*WHAT TO PRODUCE:*
The reply must repeat the listing below exactly and carry none of its pictures.

*PROVIDED MATERIAL:*
*** Block opens ***
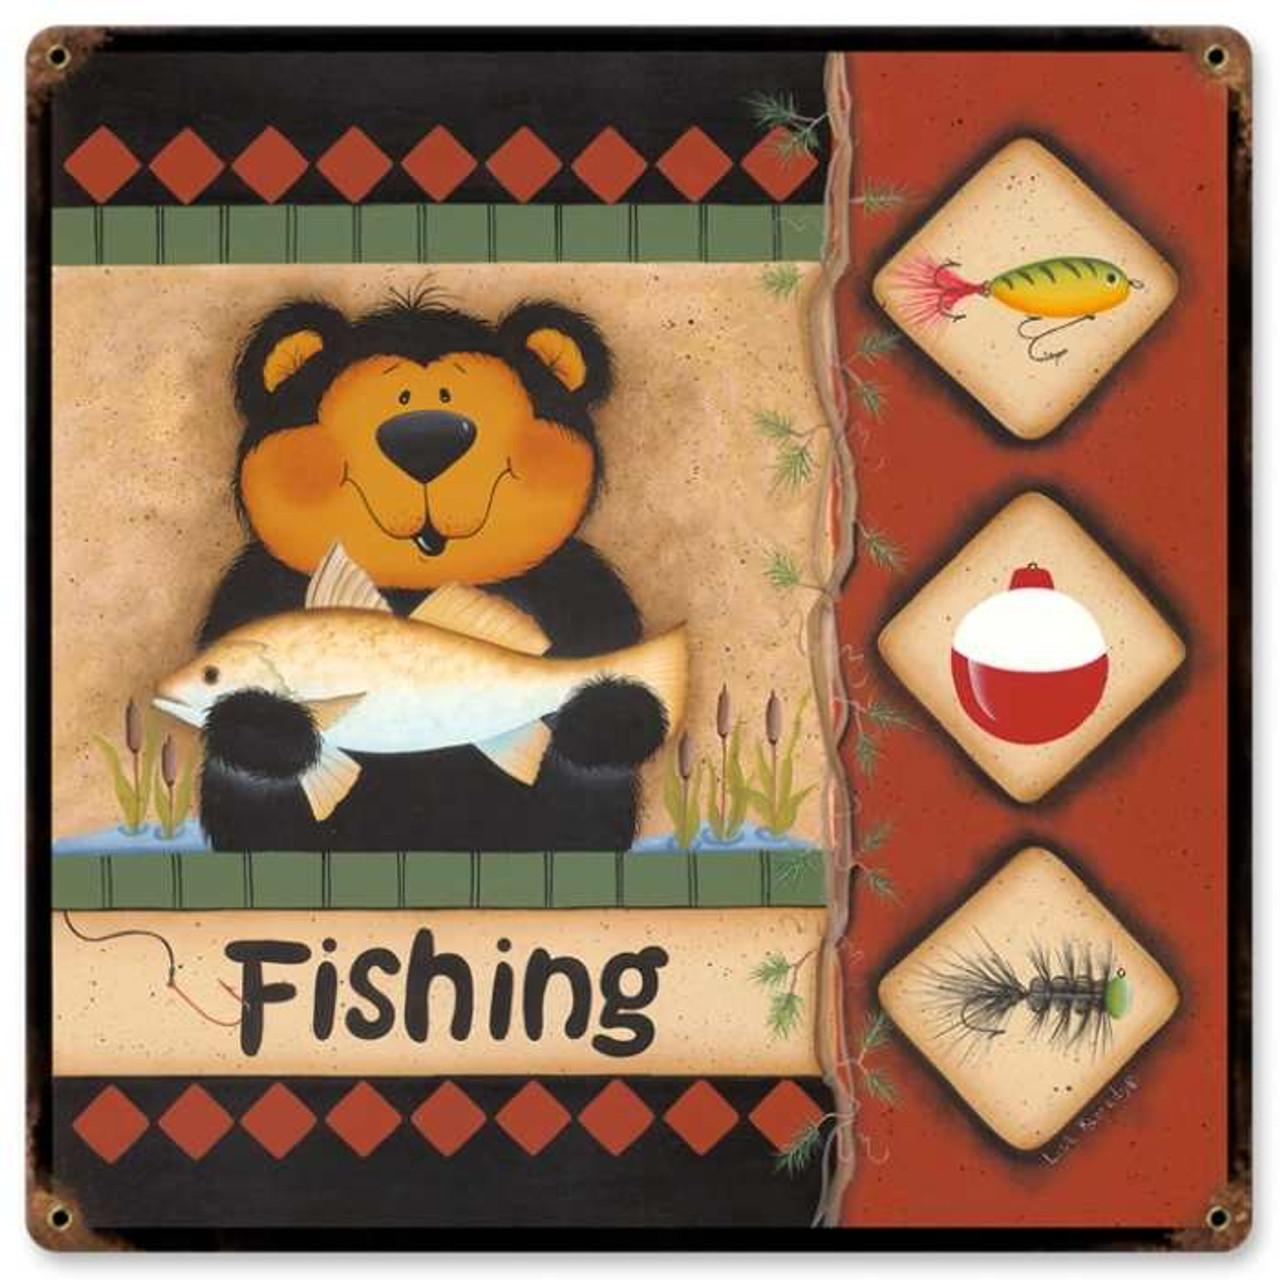 Retro Fishing Bear Metal Sign 18 x 18 Inches
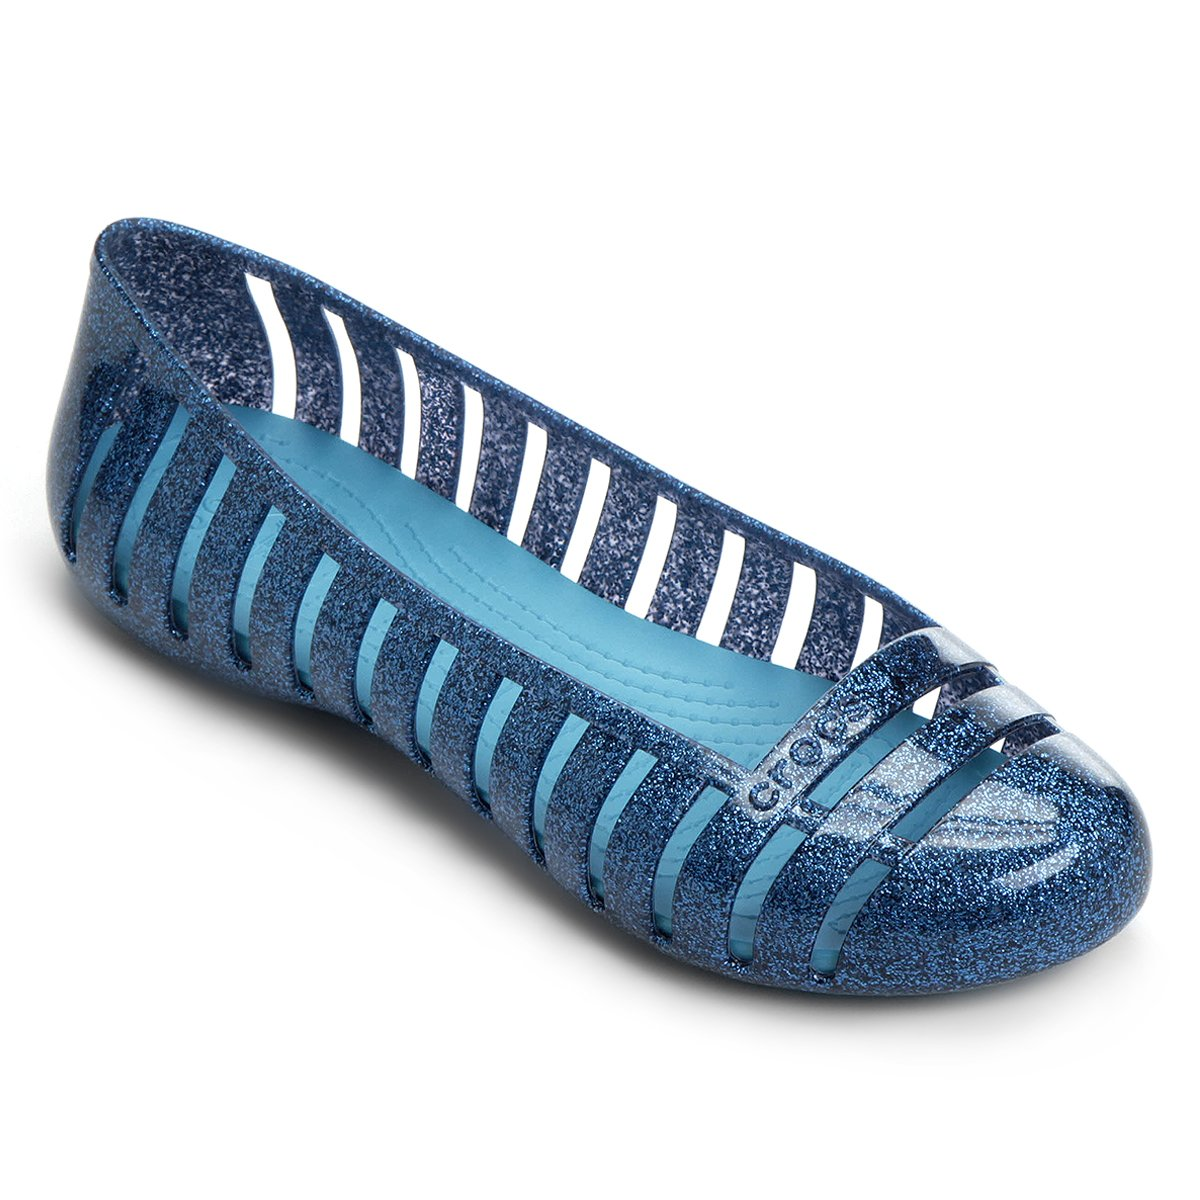 58aa27d1a Sapatilha Crocs Adrina 2 Glitter Flat GS Juvenil - Compre Agora ...
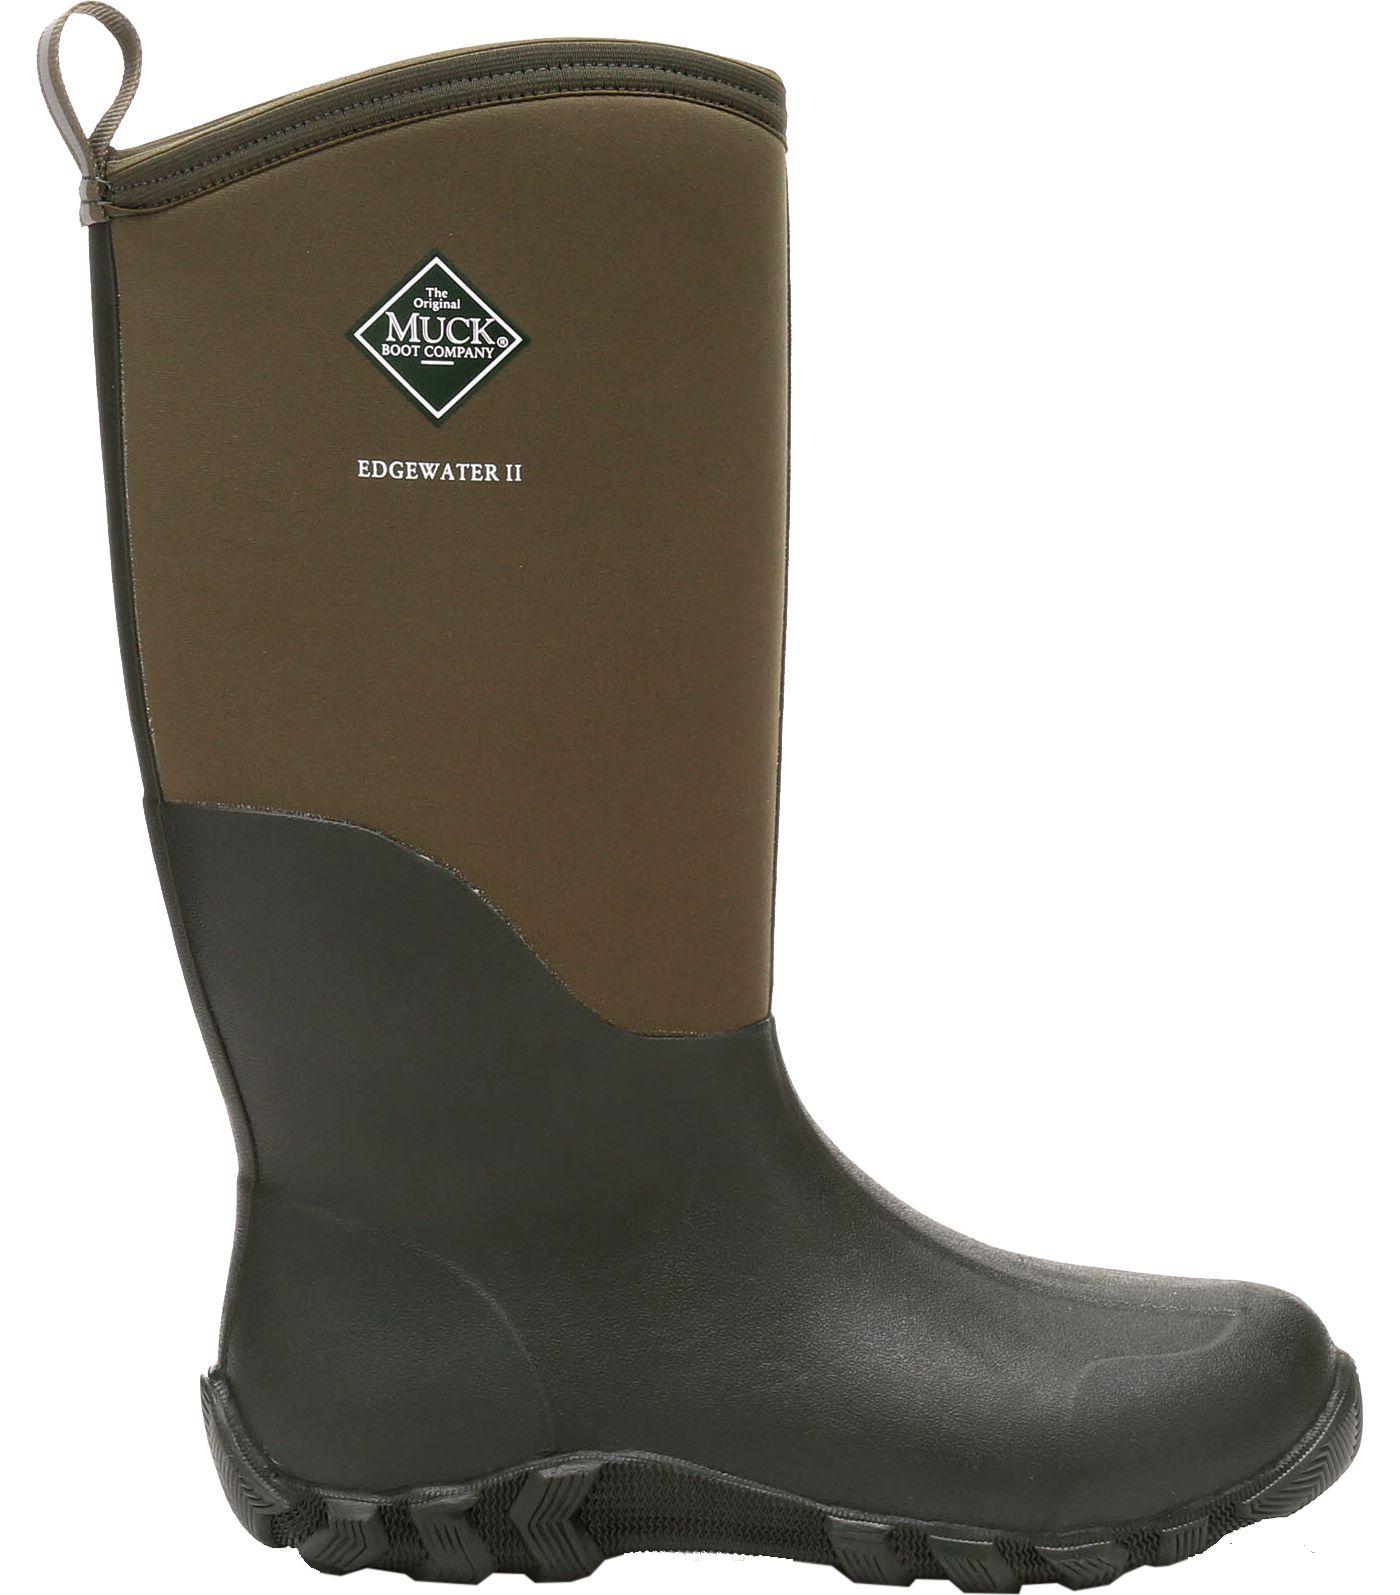 Muck Boots Men's Edgewater II Tall Rubber Boots
*** Block closes ***
*REPLY TO THE EXERCISE:*
 Retro Fishing Bear Metal Sign 18 x 18 Inches
 58aa27d1a Sapatilha Crocs Adrina 2 Glitter Flat GS Juvenil - Compre Agora ...
 Muck Boots Men's Edgewater II Tall Rubber Boots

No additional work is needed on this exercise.